Немалая часть светлых подвижников и грехолюбцев так или иначе посвятили свои силы страстям: одни – чтобы их не допустить, другие – чтобы их удовлетворить. До беспредметного общения с Богом Самим по Себе доходили немногие. Дети Божьи опознаются по тому, что интересуются: «А как там Бог, как Он прожил мой день?» Мнение о том, что Он всегда на пределе блаженства, полезнее было бы вынести за скобки. Забота о Боге есть адекватный ответ заботе Бога о нас. Это выход ума за кольцо эгоцентризма. Ведь даже самое святое очищение себя от страстей есть некоторая форма обращенности на себя, возделывания себя любимого/ненавистного.
Как бы героичен ни был святой в борьбе за свою чистоту, «человек не может быть свободен от страстей; он может сдерживать их, но совершенно не иметь их не властен», говорит Златоуст. Досадно было бы потратить всю свою жизнь на сдерживание того, над чем ты не властен.
Что же нам делать? Идти со Христом, праведен ты или грешен, нести с Ним свой крест. Если желаешь не грешить, прими снотворное, а если хочешь быть не только грешником, успей сделать что-то доброе в мире, который едва ли вспомнит, что ты был.
Развилки духовных ценностей
Парадигмальный круг мировоззрения
Наше мировоззрение определяет и табуирует не только мышление, но и практический опыт. Как у циркового пони, бегающего по кругу, ограничены потенциальные возможности опыта, так и любое мировоззрение подтверждает себя в повседневности. Каждый прожитый день уверяет верующего в том, что Бог есть, атеиста – что Его нет, а агностика – что этот вопрос нельзя решить однозначно.
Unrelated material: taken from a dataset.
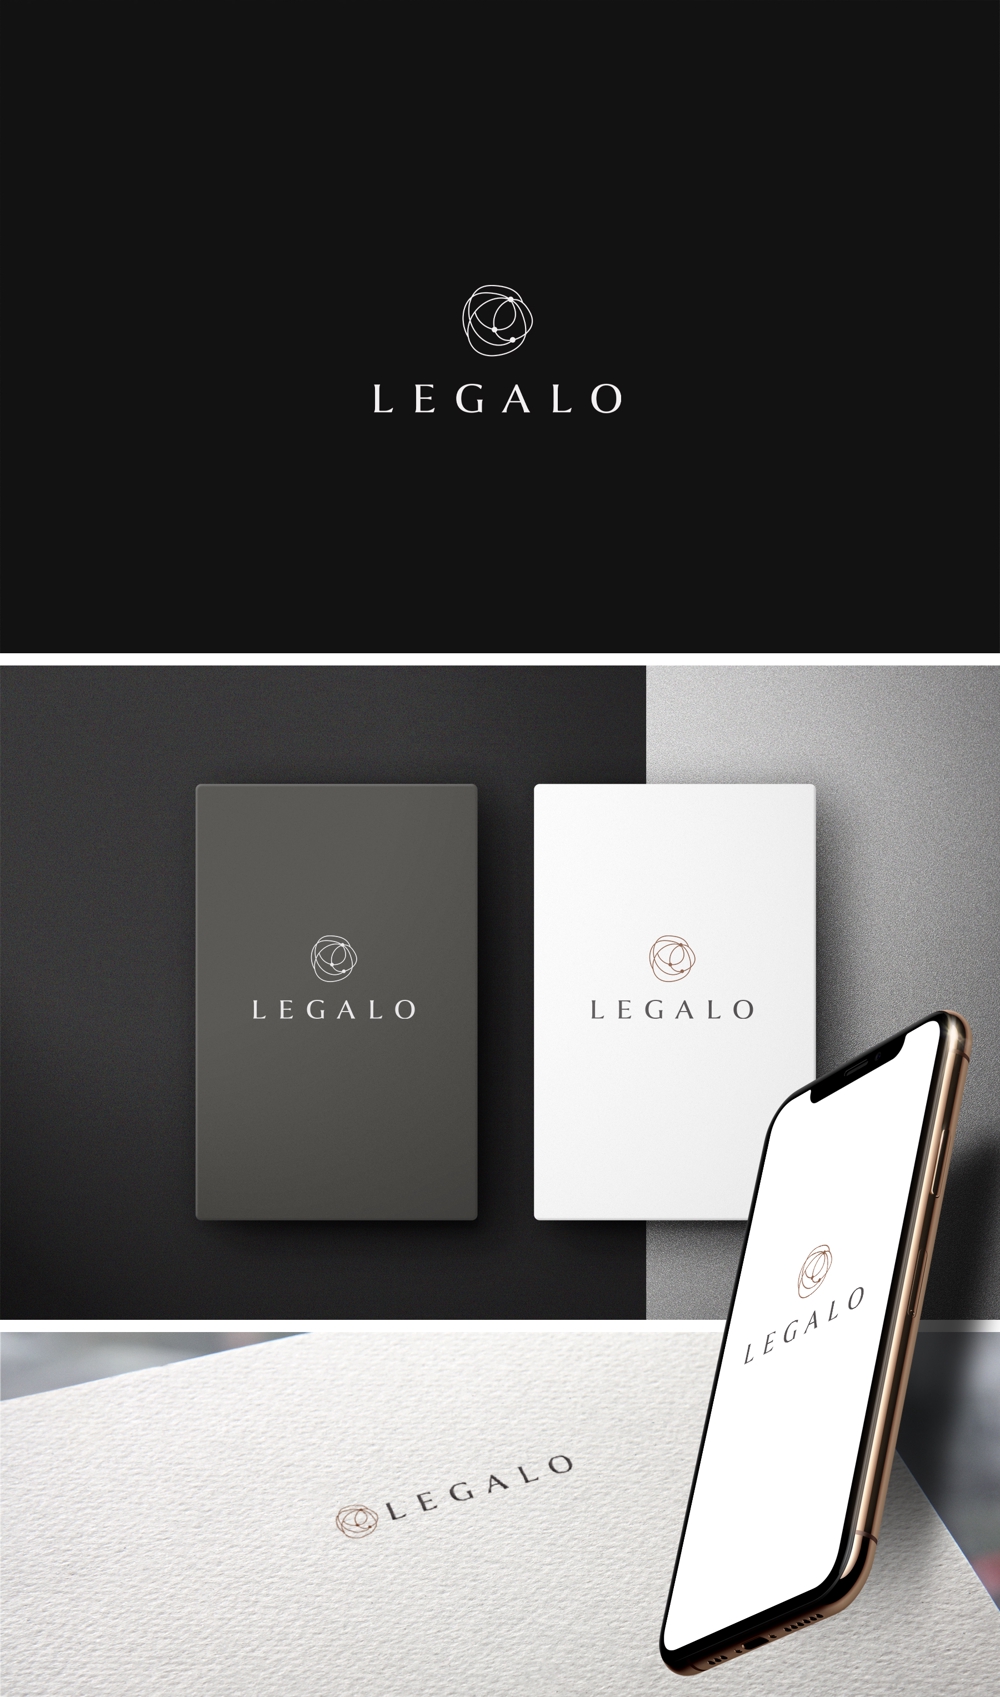 新規OPENレストラン「LEGALO」のロゴ募集

Смена мировоззрения редко демонстрирует глубинную перемену – обычно все сводится к переименованию богов и ценностей. Сегодня вырваться из замкнутого круга легче: в поисках дополнительной информации – а современное информационное поле исключительно многообразно – человек сталкивается с массой разнородных источников из области науки, религии, ревизионизма, иррационального, рационального и т. п. Правда, и в этом случае качественные изменения мировоззрения происходят нечасто. Мировоззренческая система имеет способность отфильтровывать данные опыта или интерпретировать информацию под себя. Только мировоззренческие потрясения и кризисы представляют действительную возможность выйти из круга парадигмальной ограниченности.
Классик социальной психологии Л. Фестингер в 1957 году сформулировал так называемую теорию когнитивного диссонанса: она описывает социальное поведение, мотивирующим фактором которого является стремление выйти из состояния неопределенности. По мнению Фестингера, основой осознанных действий является система взаимно координированных взглядов и установок, которую он именует «индивидной картой действительности» (синонимично понятию «картина мира»). Непредсказуемые события и новая информация рассогласовывают сложившуюся картину мира, снижая ее ориентирующие возможности. «Диссонанс, – пишет Фестингер, – то есть существование противоречивых отношений между отдельными элементами в системе знаний, сам по себе является мотивирующим фактором. Когнитивный диссонанс может пониматься как условие, приводящее к действиям, направленным на его уменьшение» (Теория когнитивного диссонанса). В качестве способа преодоления дискомфорта от когнитивного диссонанса Л. Фестингер указывает на произвольный и непроизвольный поиск восполняющей информации. Однако для психики проще всего (и это происходит чаще всего) использовать эту информацию для укрепления одного из элементов картины мира и ослабления другого.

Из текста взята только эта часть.